I learned this lesson the hard way. In early 2025, I built what I thought was a clever AI agent for a Laravel application. It was a single prompt chain: receive a bug report, analyze the stack trace, search the codebase, generate a fix, apply it. Five steps chained together with a template that read "Based on the following context, generate..." at each hop. It worked beautifully in the demo. Then we put it on a real repository with real issues, and it fell apart within 24 hours.

The prompt chain hallucinated a fix for an authentication bug by modifying the wrong file. It invented a database column that did not exist. It left the codebase in an inconsistent state, and because there was no rollback mechanism and no observability, it took me two hours to undo the damage. That was the moment I stopped thinking of AI agents as prompts and started thinking of them as systems.

This post is about what I learned since then: why prompt-only agents fail, what distinguishes the three tiers of agent sophistication, and how the Gem-Team architecture solves the reliability problem with directed acyclic graph execution, deterministic routing, and wave-based parallelism. If you are building AI agents for production in 2026, this is the architecture I wish I had from day one.

Why Prompt-Only Agents Fail in Production

The failure modes of prompt-chained agents are not random. They follow predictable patterns that I have now seen across multiple projects, including the Laravel stack I maintain and the Nuxt applications I deploy.

Context drift accumulates with every hop. A prompt chain passes context from one step to the next. Each step reformats, summarizes, or filters that context. After four or five hops, the original problem description has degraded into something the LLM barely recognizes. I watched a five-step bug-fixing chain turn "user login returns 500 error" into "modify the UserController to add a new method" by step three, because the intermediate representation lost the constraint that we were fixing a bug, not adding a feature. The chain produced plausible code that solved the wrong problem.

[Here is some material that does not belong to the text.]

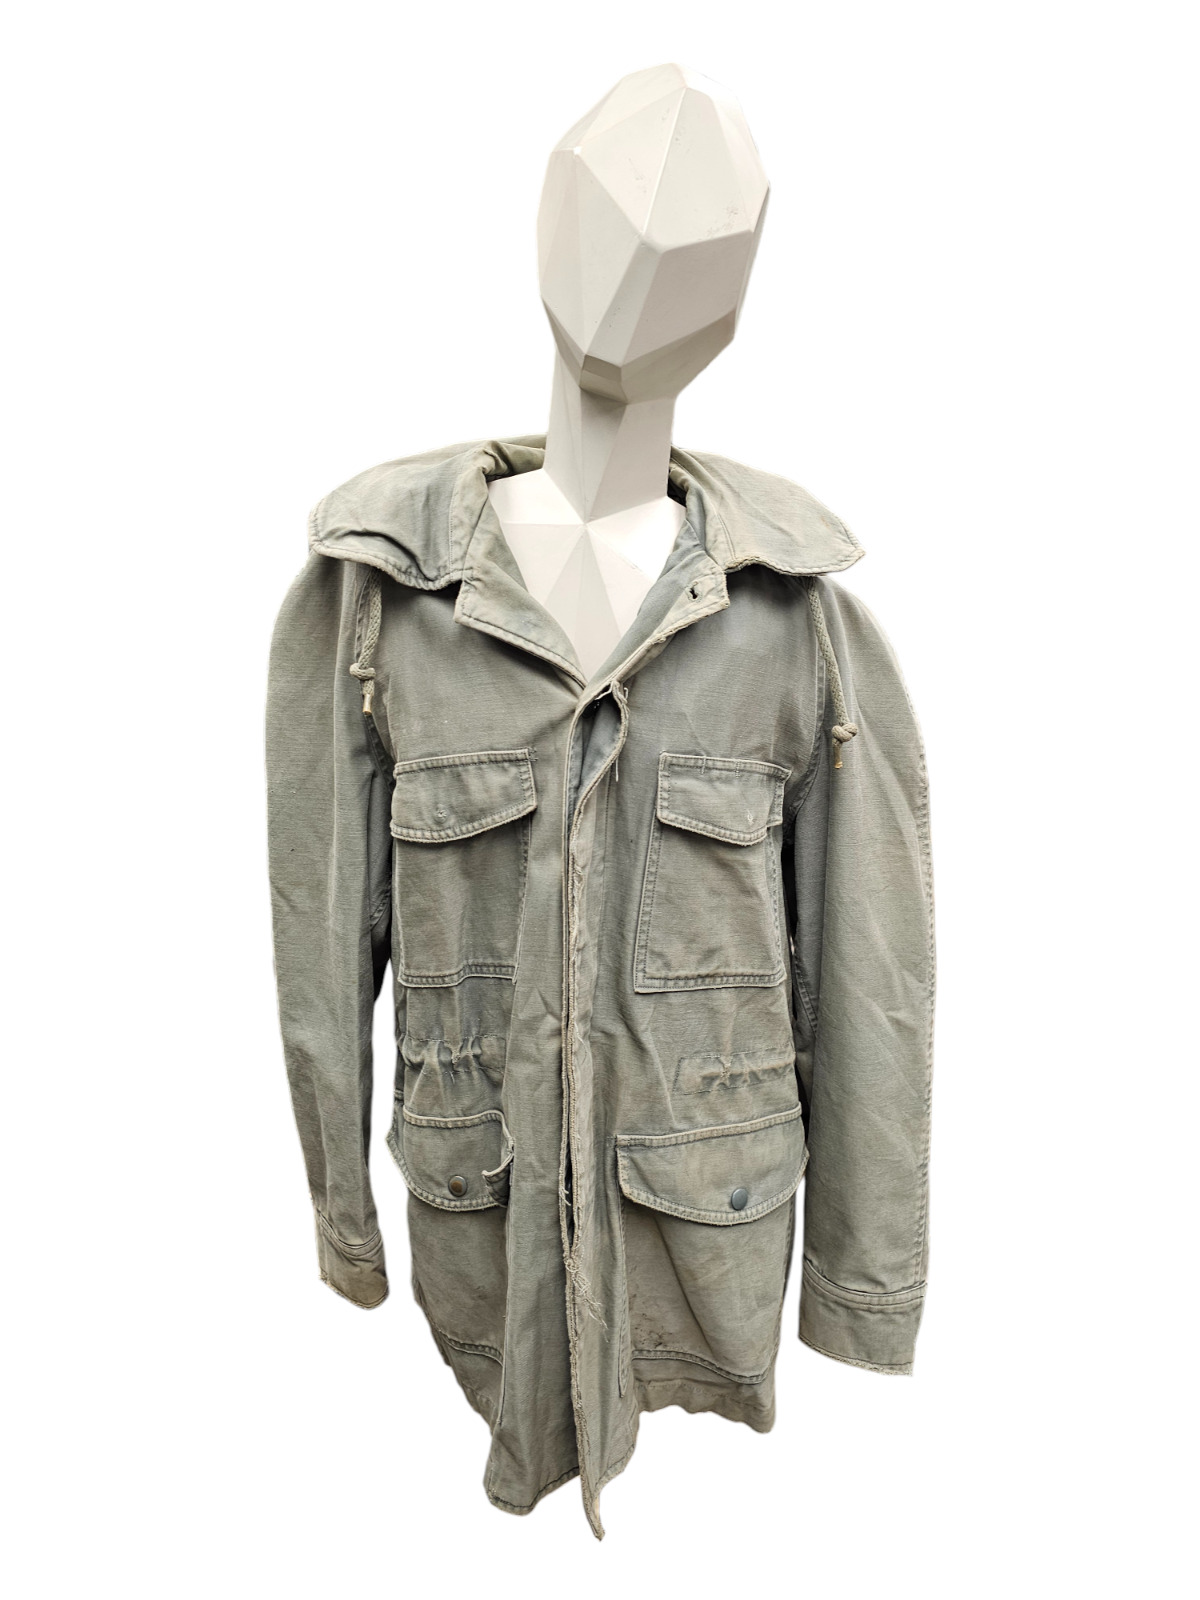 Vintage U.S. Armed Forces Air Force Sateen Jacket

There is no recovery path. When a prompt chain produces an incorrect intermediate result, every subsequent step compounds the error. A typical chain does not check its own output. It does not verify that a generated SQL migration matches the schema. It does not validate that a code change compiles. It just passes the output to the next prompt template. In the Laravel project I mentioned, the fix-for-auth-bug chain never verified that the User model had the column it was referencing. The LLM assumed the column existed because it looked plausible. The chain had no guard.

Observability is nonexistent. When a prompt chain fails, you get the final output. You do not get step-level traces, confidence scores, or decision logs. You cannot answer the question "why did the agent choose to modify this file?" because the chain does not record the reasoning. Debugging becomes guesswork. I spent those two hours not fixing the bug but reconstructing what the agent had done and why.

No deterministic routing. A prompt chain follows a fixed sequence regardless of the input. A simple typo fix goes through the same five steps as a database migration. There is no phase detection, no complexity assessment, no routing to specialized handlers. The chain is rigid, and rigidity in AI systems guarantees brittleness.

These failure modes are not fixable with better prompts. They are architectural. The chain structure itself is the problem.

Three Tiers of Agent Sophistication

After the Laravel failure, I categorized every agent framework I could find into three tiers. Understanding where your system falls on this spectrum is the first step toward building something production-grade.

Tier	Name	Routing	State	Recovery	Example
1	Prompt Chain	Fixed sequential	None	None	Single-LLM script with template steps
2	Tool-Using Agent	Model-decided routing	Ephemeral	Retry with same prompt	ReAct-style agents, ChatGPT with plugins
3	Orchestrated Multi-Agent	Deterministic DAG with specialist routing	Persistent across waves	Diagnose-then-fix loop with confidence scoring	Gem-Team, custom orchestrators

Tier 1: Prompt Chains

This is where most hobby projects and early prototypes live. A prompt chain is a script that calls an LLM multiple times, passing the output of one call as context to the next. The sequence is hardcoded. There is no conditional branching based on output quality. There is no state management beyond the text passed between steps.

Prompt chains are useful for one thing: prototyping. If you need to prove that an LLM can perform a multi-step task, a prompt chain is the fastest way to test the hypothesis. But shipping a prompt chain to production is like shipping a prototype without error handling. I did it once. I will not do it again.

Tier 2: Tool-Using Agents

Tool-using agents improve on chains by letting the model decide which tool to call next. The ReAct pattern (Reasoning + Acting) is the most common example. The model receives a list of available functions, reasons about which to call, and iterates until it decides the task is complete.

These agents appear flexible, but they introduce a new failure mode: the model makes routing decisions without understanding the full context. I watched a ReAct-style agent call a "search codebase" tool seven times in a loop, each time with slightly different phrasing, because it lacked the confidence to stop. The state is ephemeral -- when the context window fills, earlier reasoning is lost. Recovery is limited to retrying the same action, which produces the same result.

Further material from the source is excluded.